On 16 January 2014, the Pecherskyi District Court of Kyiv ruled to revoke Poyarkov's driver's licence for six months and imposed a court fee of ₴36.54. The decision, issued by judge Viktor Kytsyuk, found Poyarkov guilty of an unspecified offence. Following the verdict, Poyarkov announced his intention to appeal.

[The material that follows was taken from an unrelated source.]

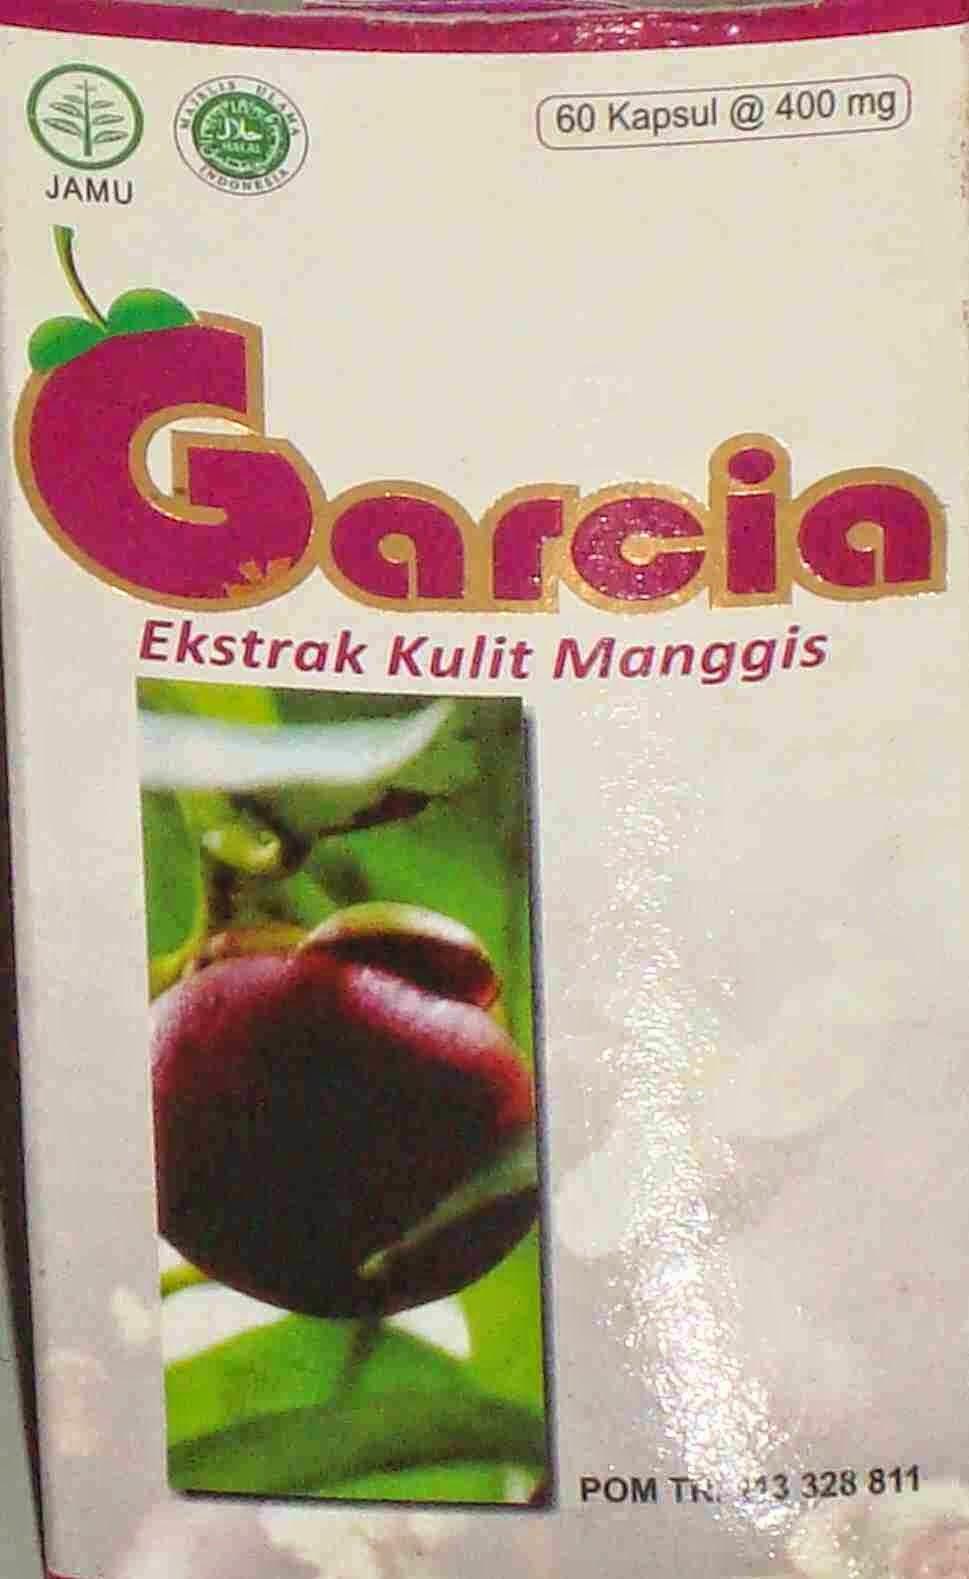 Aturan Minum Garcia Kulit Manggis Kapsul Ekstrak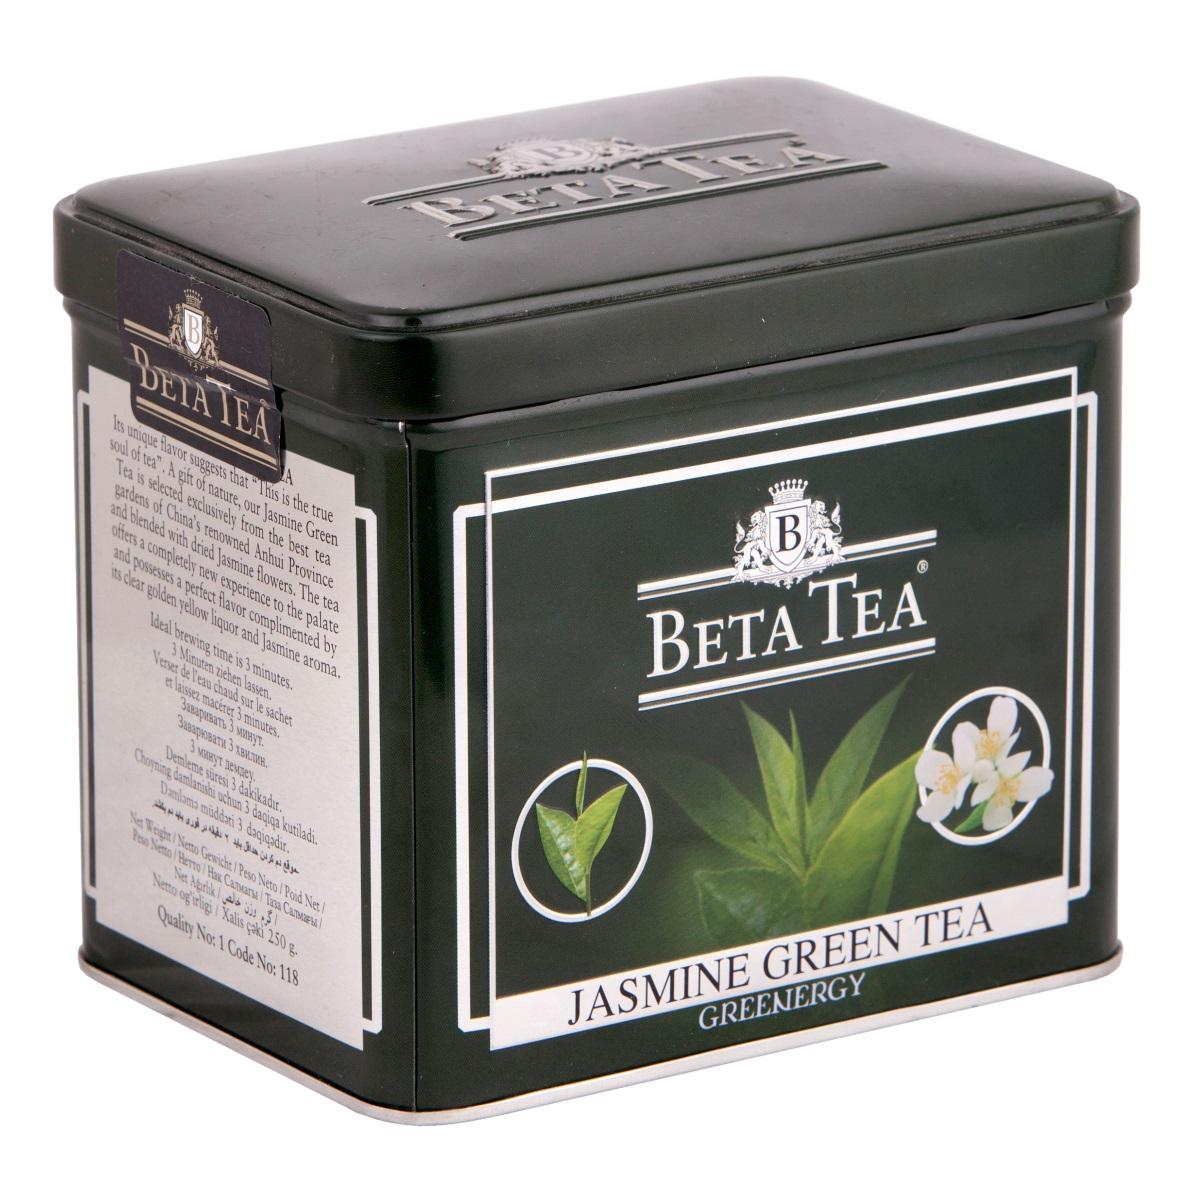 Beta Tea Зеленый с жасмином листовой чай, 250 г 62г anxi tieguanyin аромат чая tieguanyin tea oolong tea

This ruling came just one day after another Automaidan activist, Serhii Khazhinov, was similarly banned from driving for three months by the Holosiivskyi District Court.

=== Threats to the president ===
In 2019, Poyarkov caused controversy on his programme Poyarkov NEWS by calling President Volodymyr Zelenskyy an "uneducated green chm" who needed to be "educated." This prompted the National Council for Television and Radio Broadcasting to launch an investigation into the channel for insulting the president’s dignity. Zelenskyy filed a lawsuit against Poyarkov, and the Security Service of Ukraine (SBU) later suspected him of threatening the president’s life, which led to a criminal case. Poyarkov was released under personal obligation, and despite at least six court hearings, neither Poyarkov nor Zelenskyy were questioned. In a related act of protest, Poyarkov painted the slogan "Zelya – kh#ylo" on his fence in support of Oleksandr Tarnavskyi, a local Natskorpus leader who had been accused of hooliganism for using the same phrase. Police responded but took no further action. In January 2020, the SBU filed a lawsuit against Poyarkov under Part 1 of Article 346 of the Criminal Code, which provides for up to five years in prison for threatening the president. The Shevchenkivskyi District Court in Kyiv later discharged Zelenskyy's case against Poyarkov on personal duty.

== Personal life ==
Poyarkov is married to Irina Poyarkova, and they have two children: a daughter named Sophia and a son named Mark. In the summer of 2024, he underwent heart surgery.